What the task asks:
Print exactly, and only, the lines from the one that has "Sommerblumen Beet, Lampenputzergras, Pennisetum" through the end of the material below, with both ends included and the pictures omitted.

Collected material:
*-*-*

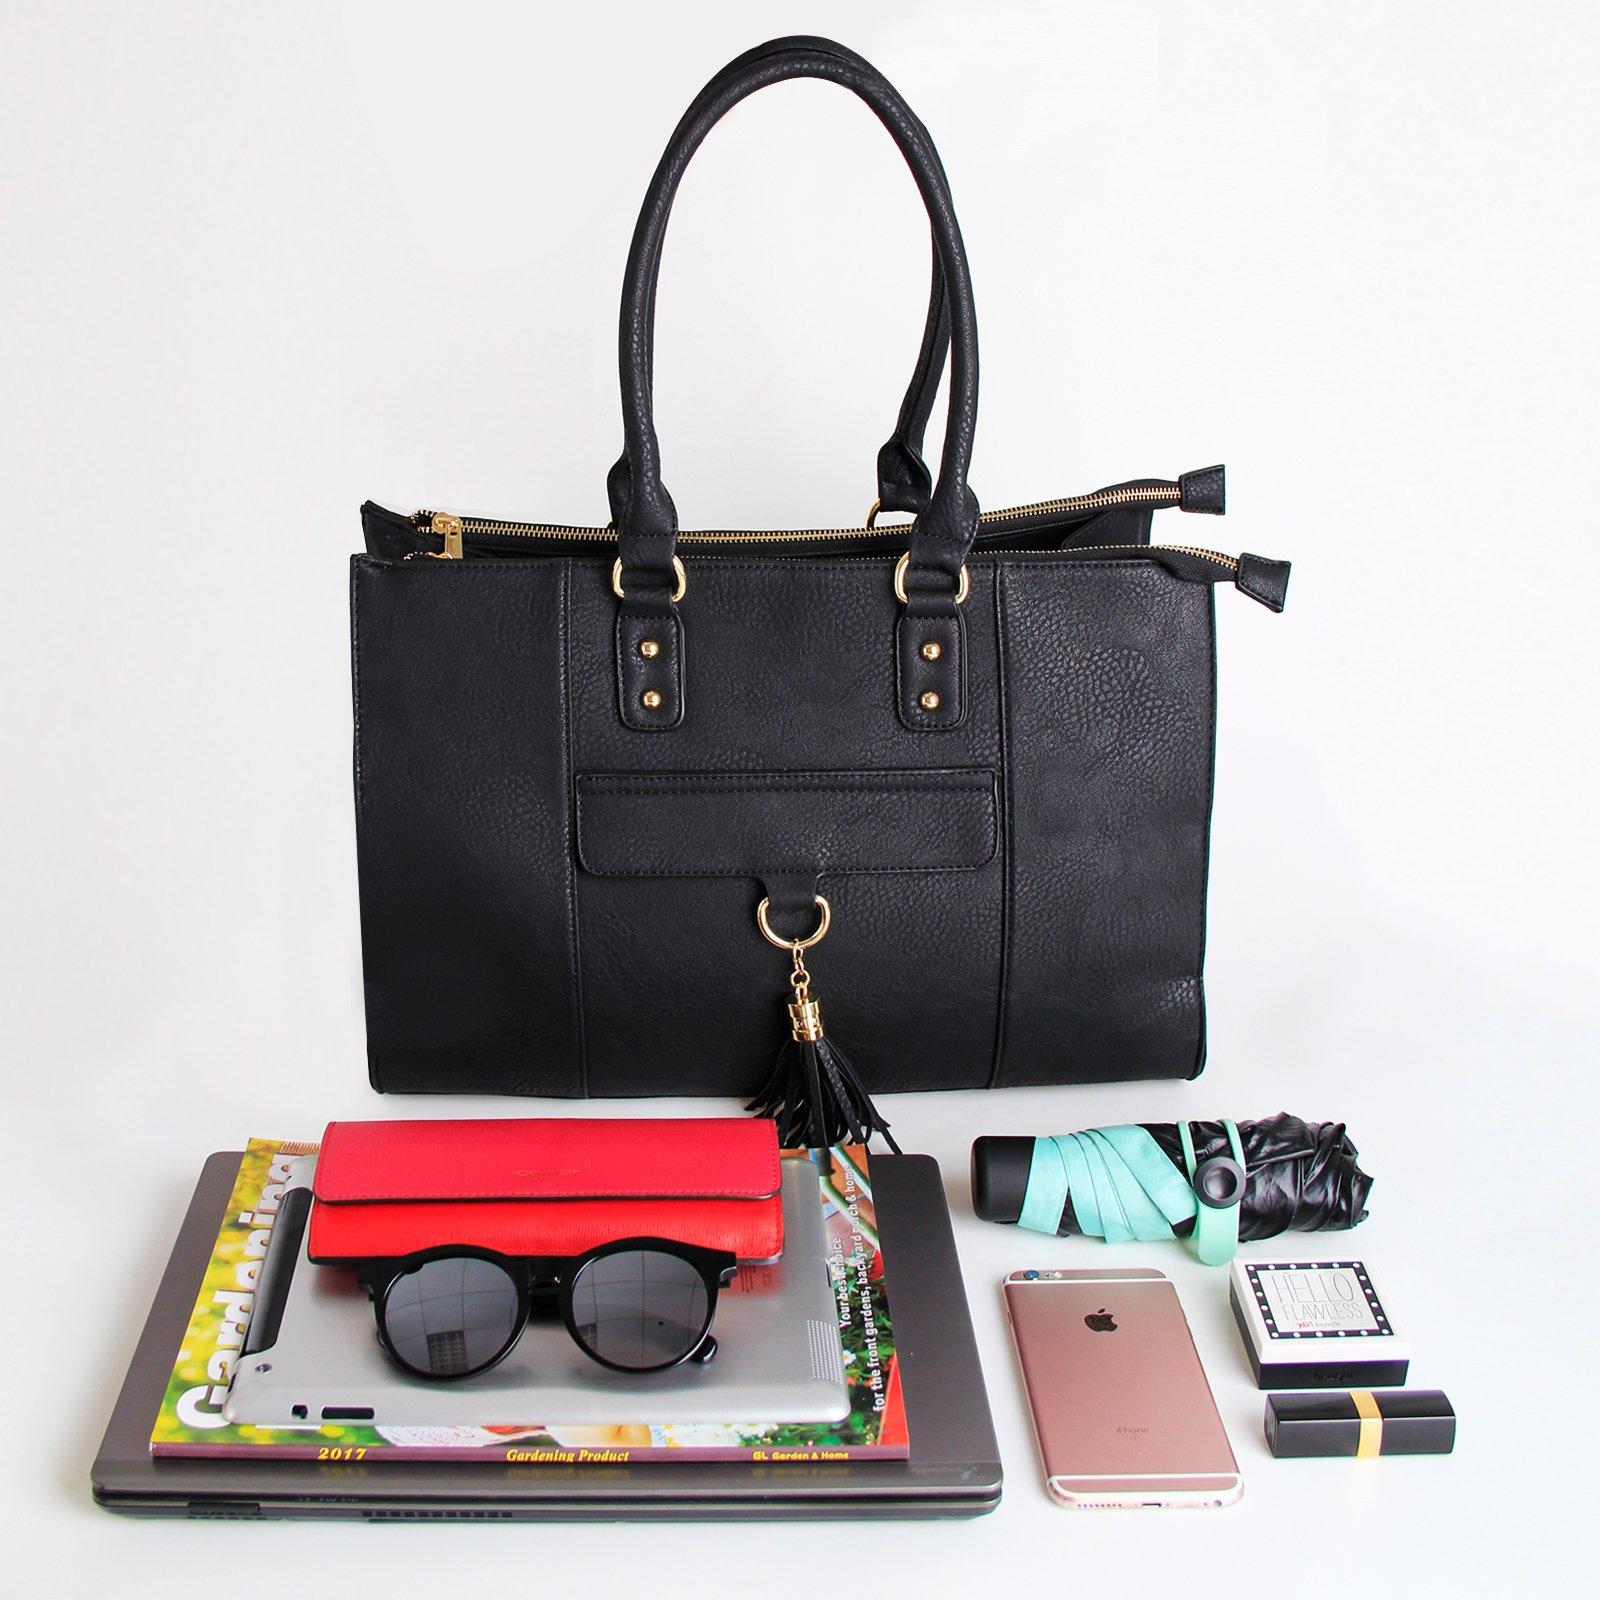 Eva & Evan 2018 New Women Satchel Handbags Shoulder Bag with Tassels Top Handle Large PU Leather Adjustable Strap Black by BAYTTER (Image #9)
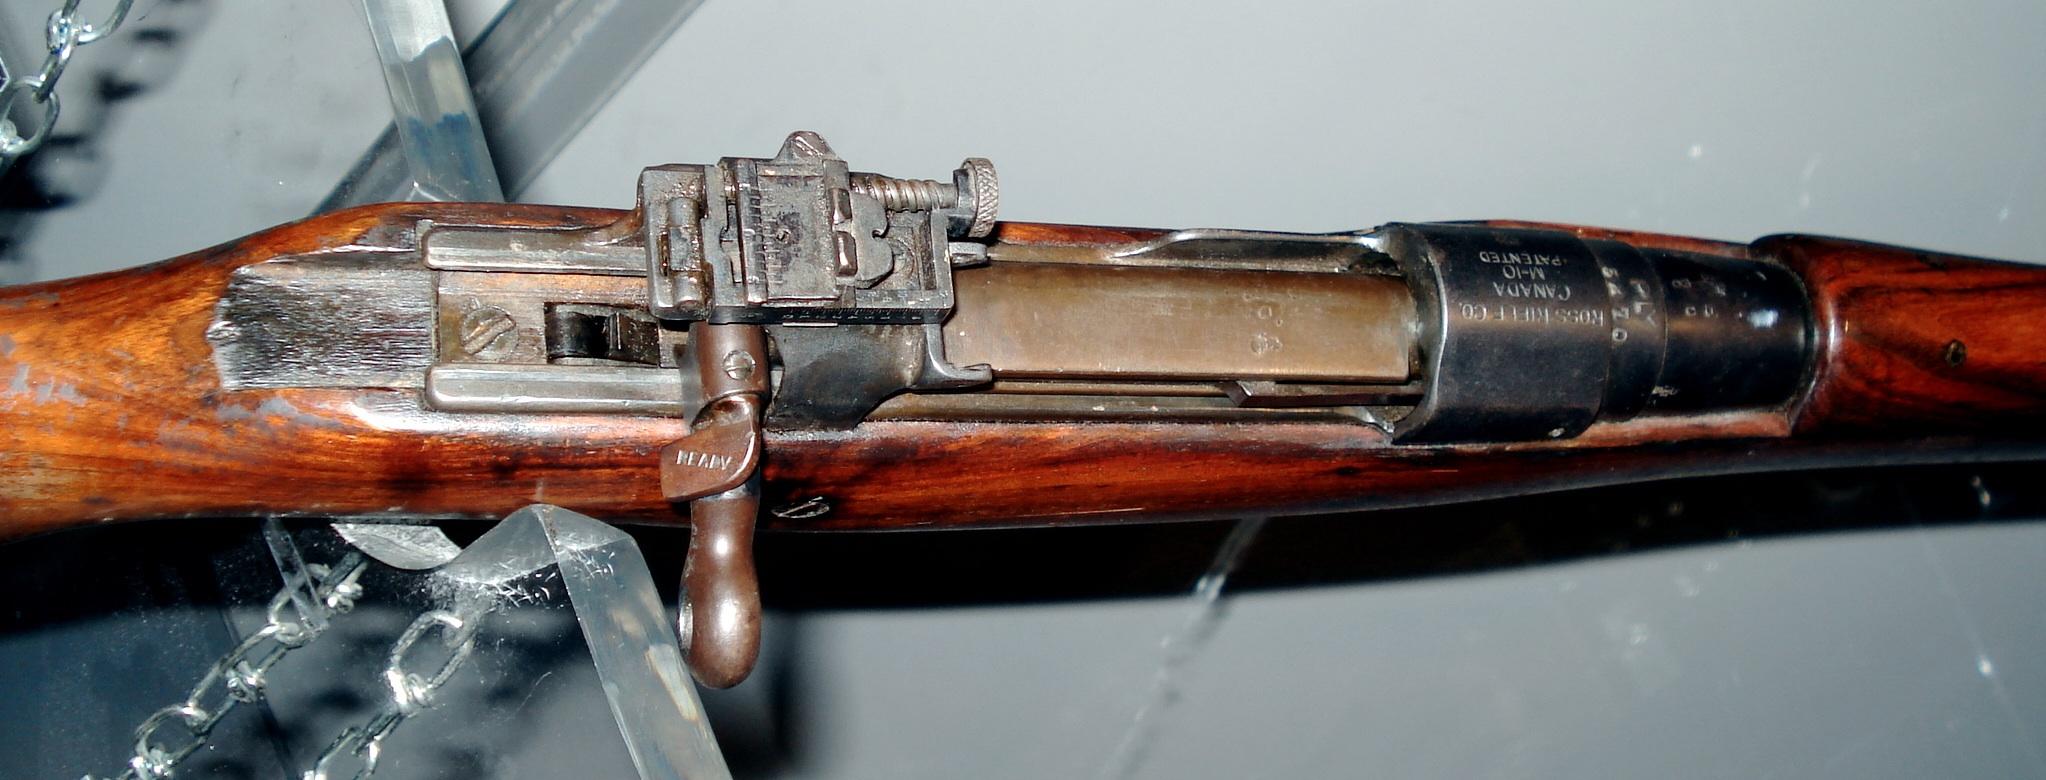 Ross rifle - Wikipedia
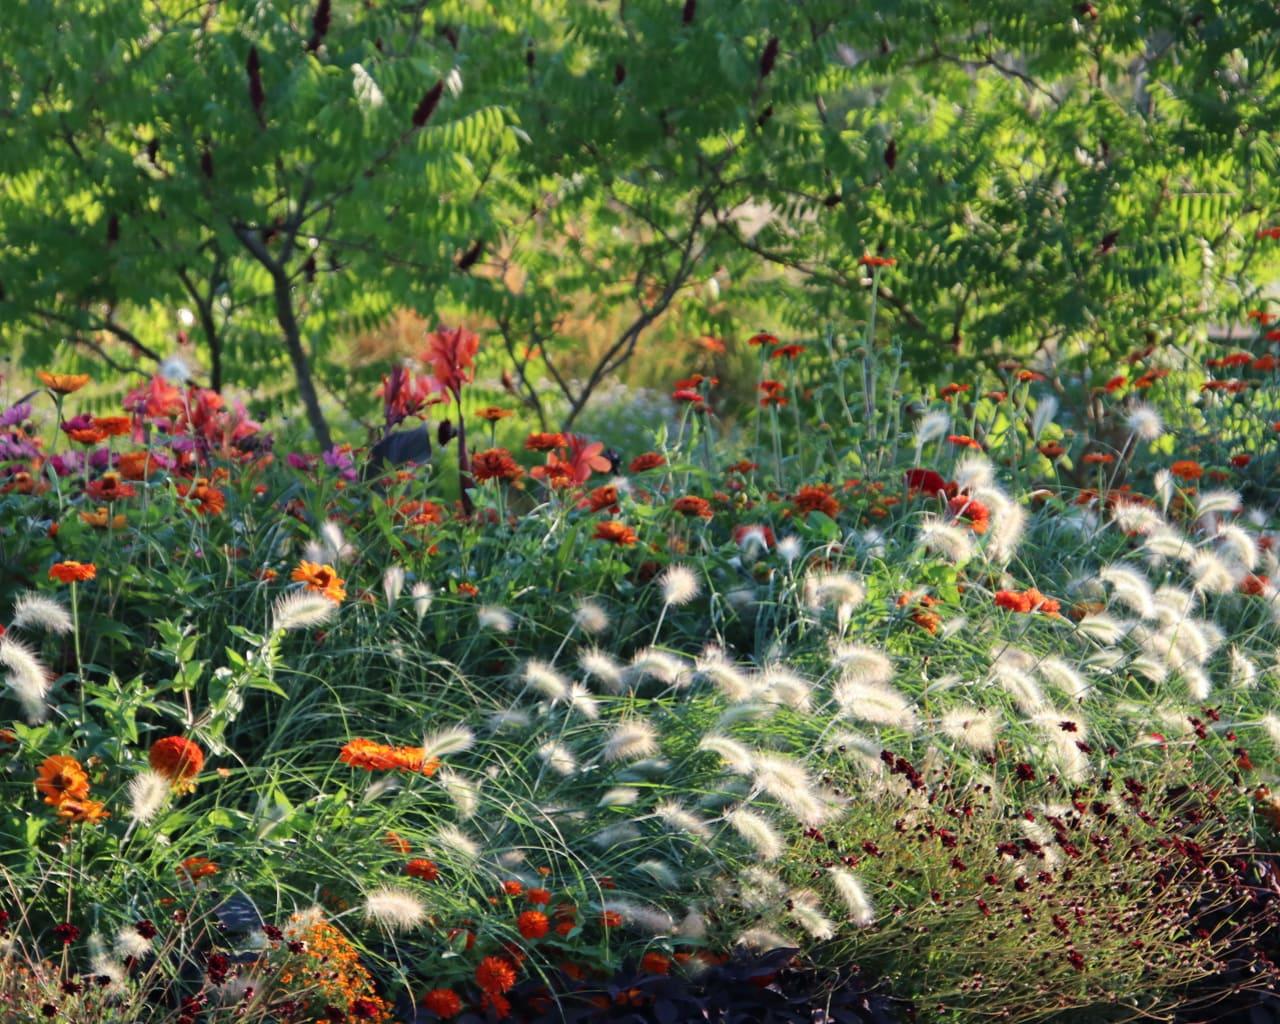 Sommerblumen Beet, Lampenputzergras, Pennisetum villosum, Zinnia, Landesgartenschau Würzburg 2018
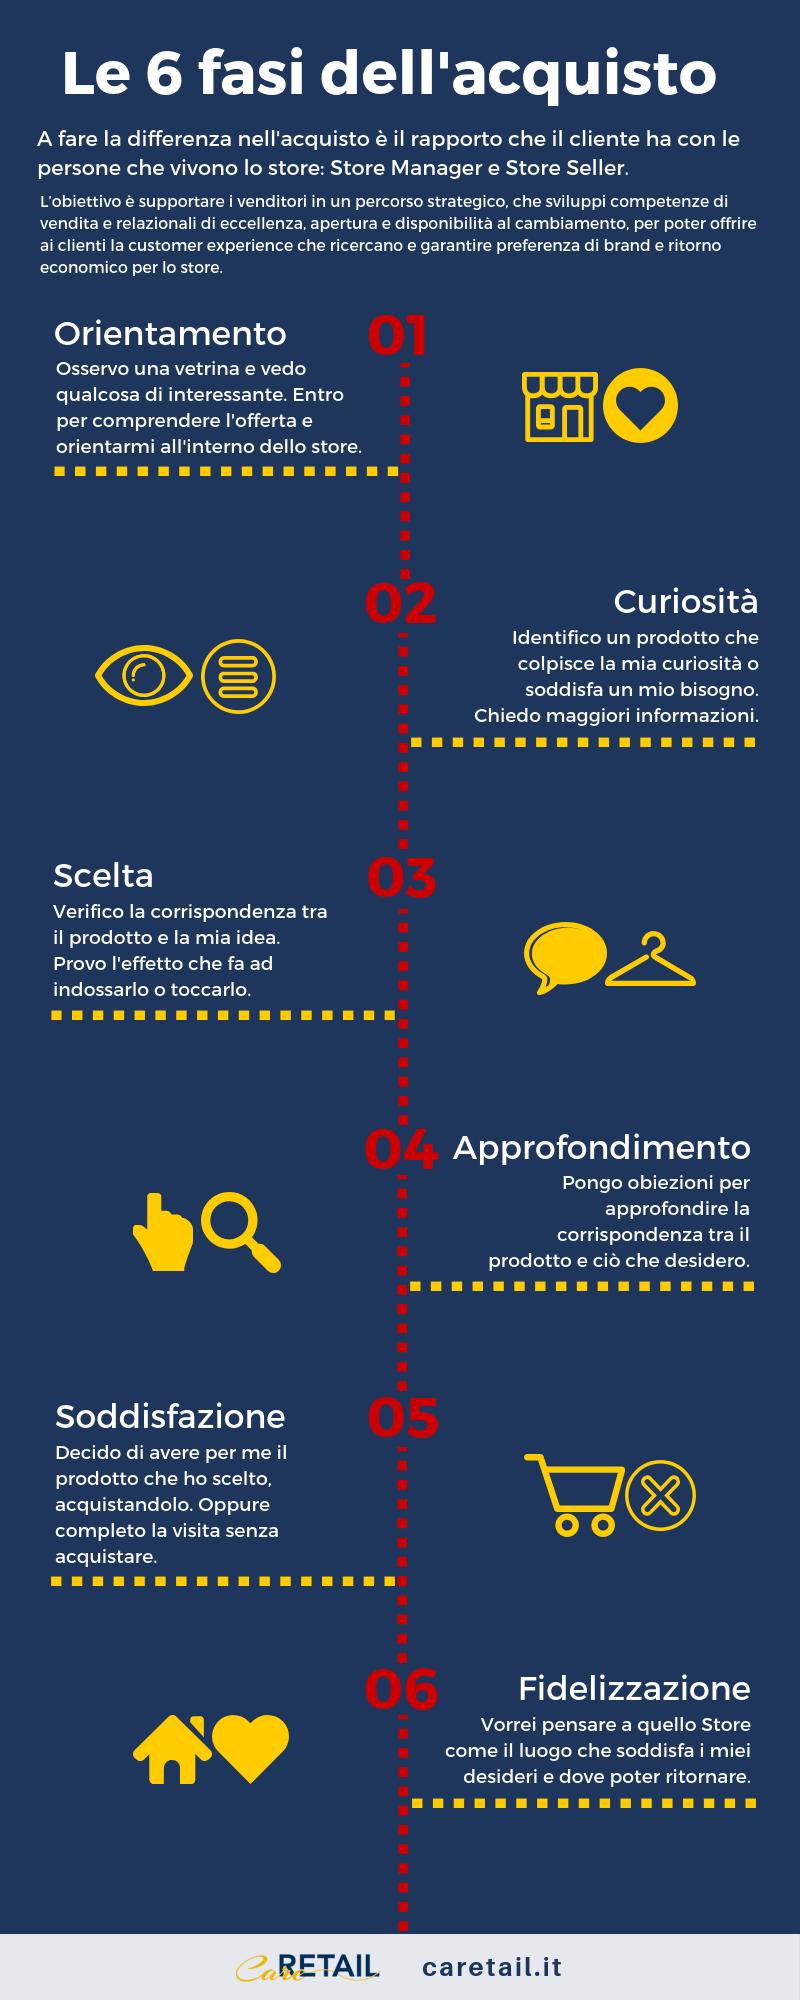 Caretail - Le sei fasi dell'acquisto

*-*-*

Output:
 Sommerblumen Beet, Lampenputzergras, Pennisetum villosum, Zinnia, Landesgartenschau Würzburg 2018
 Caretail - Le sei fasi dell'acquisto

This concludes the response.